Textor et al (2003) reported that 26 % (62 of 238) potential donors with excellent kidney function were mis-classified as hypertensive with clinic oscillometric measurements (Dinamap) alone.  Ramanathan et al (2003) claimed that there is no role for standard automated oscillometric devices (Dinamap) in the calculation of ankle-brachial pressure index in the vascular clinic.

Afzali et al (2004) examined if there are differences in BP measurements taken using either automated oscillometric machines (Dinamap BP8800 and Omron Hem 713) or a random zero Hawskley sphygmomanometer in stable healthy renal transplant outpatients.  These investigators concluded that there were no significant observer bias or cardiovascular artifacts.  Intra-machine variability was small.  Blood pressure measurements using Dinamap and Omron could lead to a difference of up to 30 mm Hg higher or 15 mm Hg lower than Hawskley random zero BP readings.  Though widely used for convenience, automated oscillometric measures of BP in the renal transplant clinic are not optimal.

Dannevig et al (2005) concluded that BP should preferably be measured invasively in severely ill neonates and preterm infants, being aware of pitfalls with measurements using different oscillometer monitors and the size/arm circumference of the infant.

The BpTRU™ is an automated device that takes serial BP measurements in a physician’s office.  The Canadian Agency for Drugs and Technologies in Health (Allison, 2006) stated that preliminary data from non-randomized, uncontrolled studies suggested that the average of 5 BP measurements by means of the BpTRU, taken while the patient is alone, more reliably reflects resting BP compared to standard manual measurements taken with a stethoscope and sphygmomanometer.  Moreover, the report noted that more controlled studies are needed to compare BpTRU measurements at specific interval settings to standard measurements taken by trained clinicians across a spectrum of patients.  This evidence is needed before specific recommendations can be made in guidelines regarding which BP monitor should be used preferentially in a physician’s office.

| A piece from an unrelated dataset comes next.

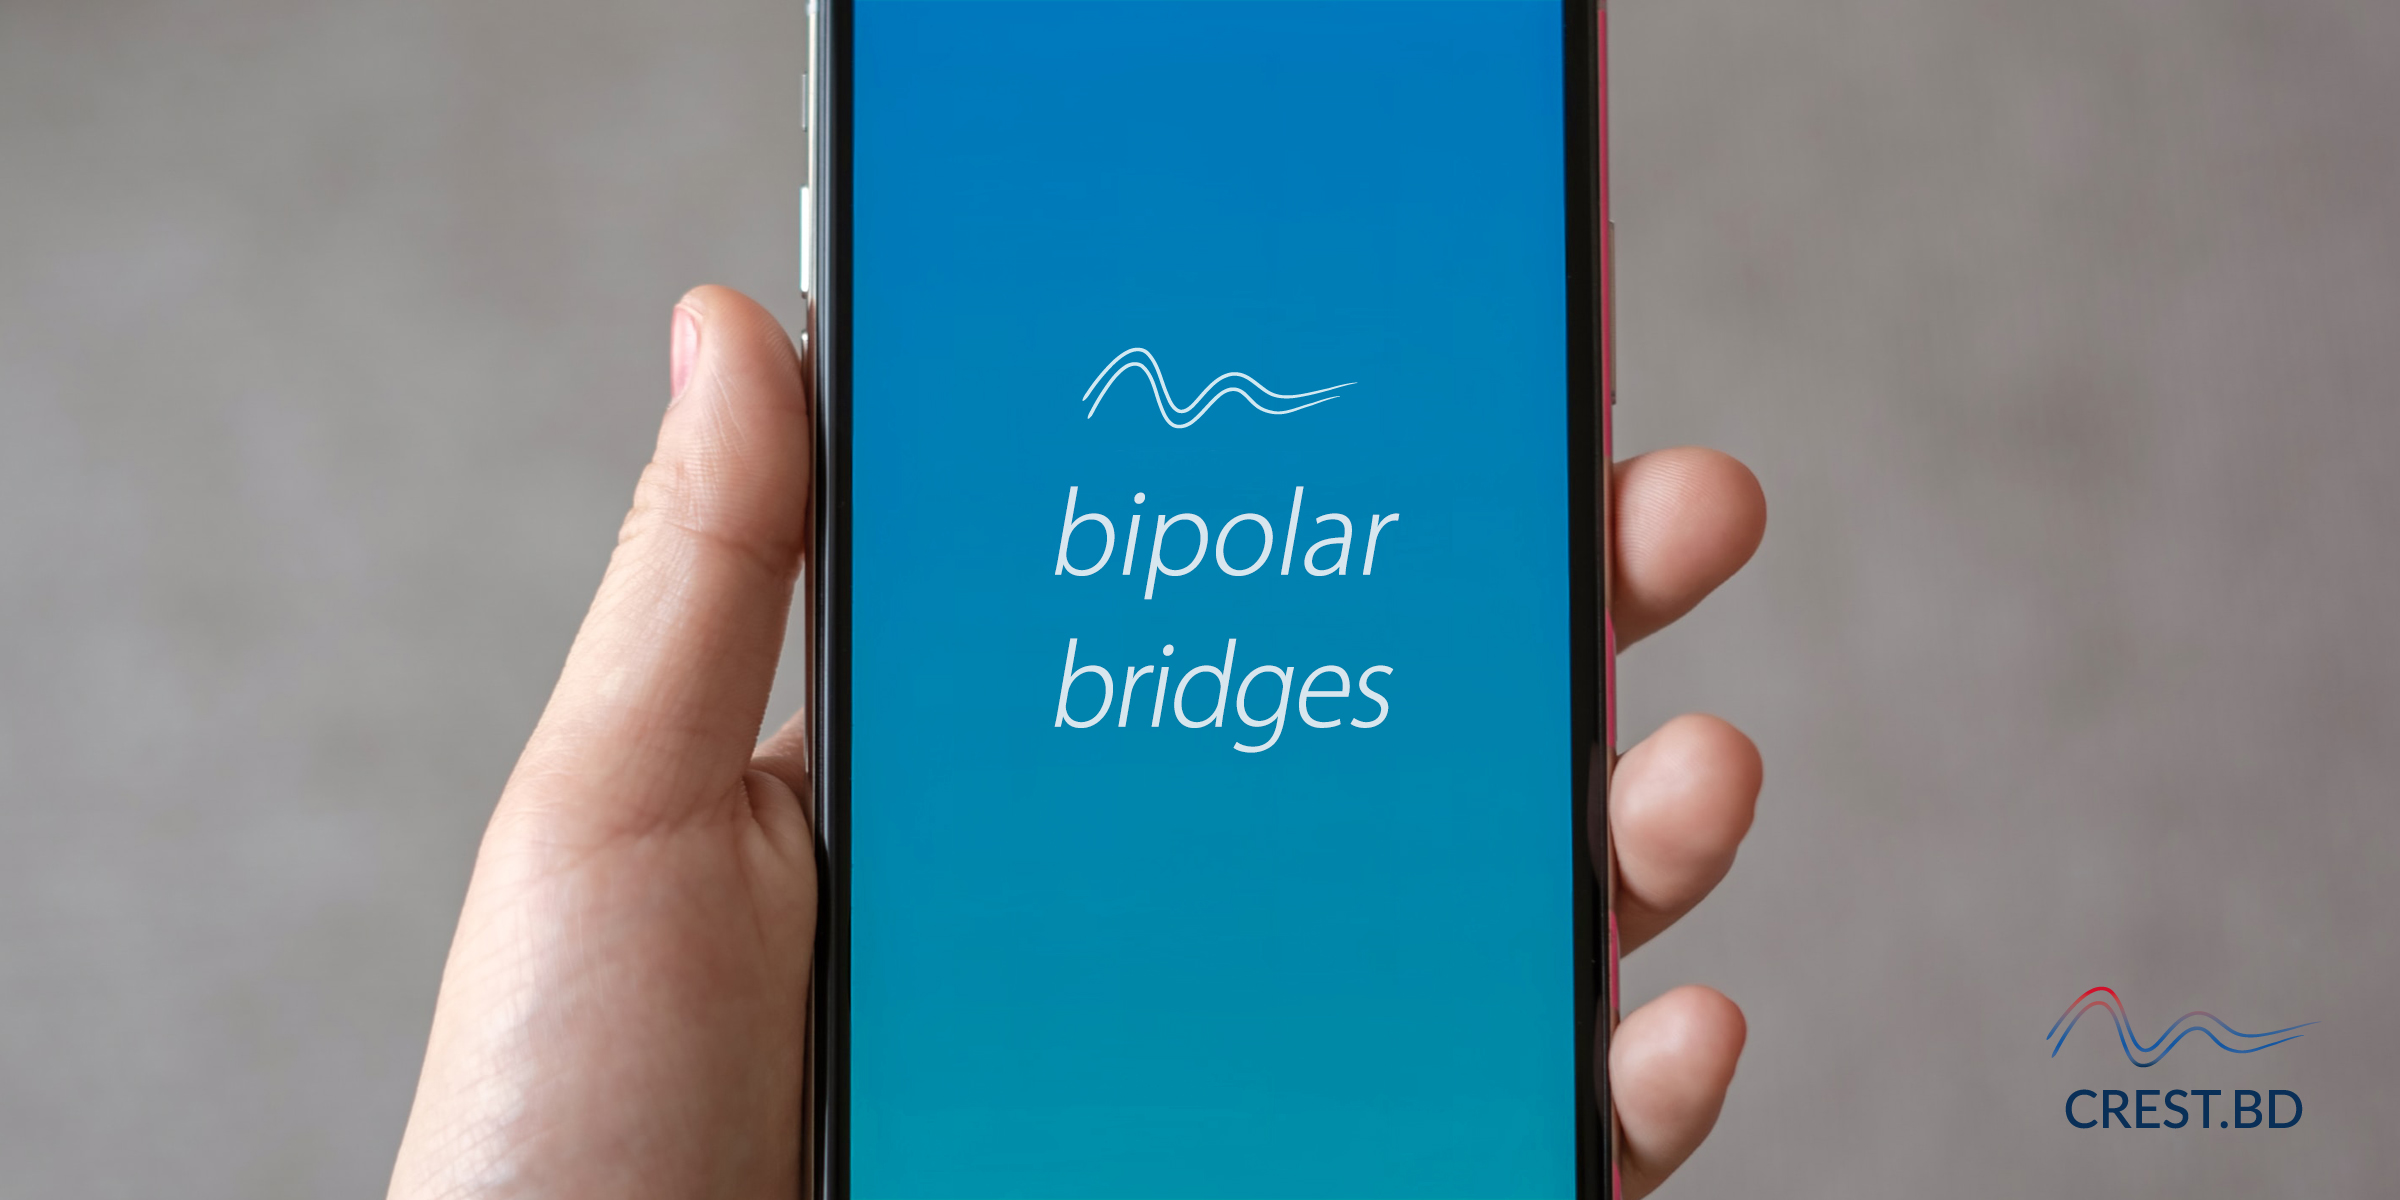 CREST.BD receives CIHR funding to develop ‘Bipolar Bridges’ app

Fischell et al (2010) conducted the first clinical studies of intracardiac ST-segment monitoring in ambulatory humans.  The authors reported that intracardiac monitoring was performed in 37 patients at high risk for acute coronary syndromes and the implanted monitor continuously evaluated ST segments as sensed by a conventional pacemaker right ventricle apical lead.  Patients were alerted to detected ischemic events.  The patients were followed for a median of 1.52 years.  Four patients had ST segment changes of greater than or equal to 3 standard deviations of their normal daily range, in the absence of an elevated heart rate.  In combination with immediate hospital monitoring, the results led to angiogram and/or intravascular ultrasonographic confirmation of thrombotic coronary occlusion/ruptured plaque.  The authors concluded that shifts exceeding 3 standard deviations from a patient’s daily intracardiac ST-segment range may be a sensitive/specific marker for thrombotic coronary occlusion and that patient alerting was associated with a median alert-to-door time of 19.5 minutes for patients at high risk of recurrent coronary syndromes, who typically present with 2 to 3 hour delays.

The AngelMed Guardian is an implantable device which records cardiac data and detects ischemic events through use of a standard pacemaker intracardiac lead placed in the right ventricular apex.  The AngelMed Guardian detects acute ischemic events by analyzing ST-segment shifts, and if a shift is detected as greater than a heart rate-dependent programmable threshold, the device will generate an emergency alert signal.  As of 2009, the AngelMed Guardian had been implanted in 55 people in the United States and Brazil (Hopenfeld et al, 2009). 

The AngelMed Guardian remains an investigational device in the United States (AngelMed, 2012).  Currently, a prospective, randomized multicenter study of subjects with a high-risk of having a myocardial infarction (MI) due to acute coronary syndrome or bypass surgery is underway.  Subjects are being recruited in to the AngelMed for Early Recognition and Treatment of STEMI (ALERTS) Study, which has an open-label, crossover design; the primary efficacy objective is to determine whether the Guardian System reduces the composite of cardiac or unexplained death, new Q-wave MI and time-to-door for a confirmed occlusive event at a medical facility (Angel Medical Systems, 2012).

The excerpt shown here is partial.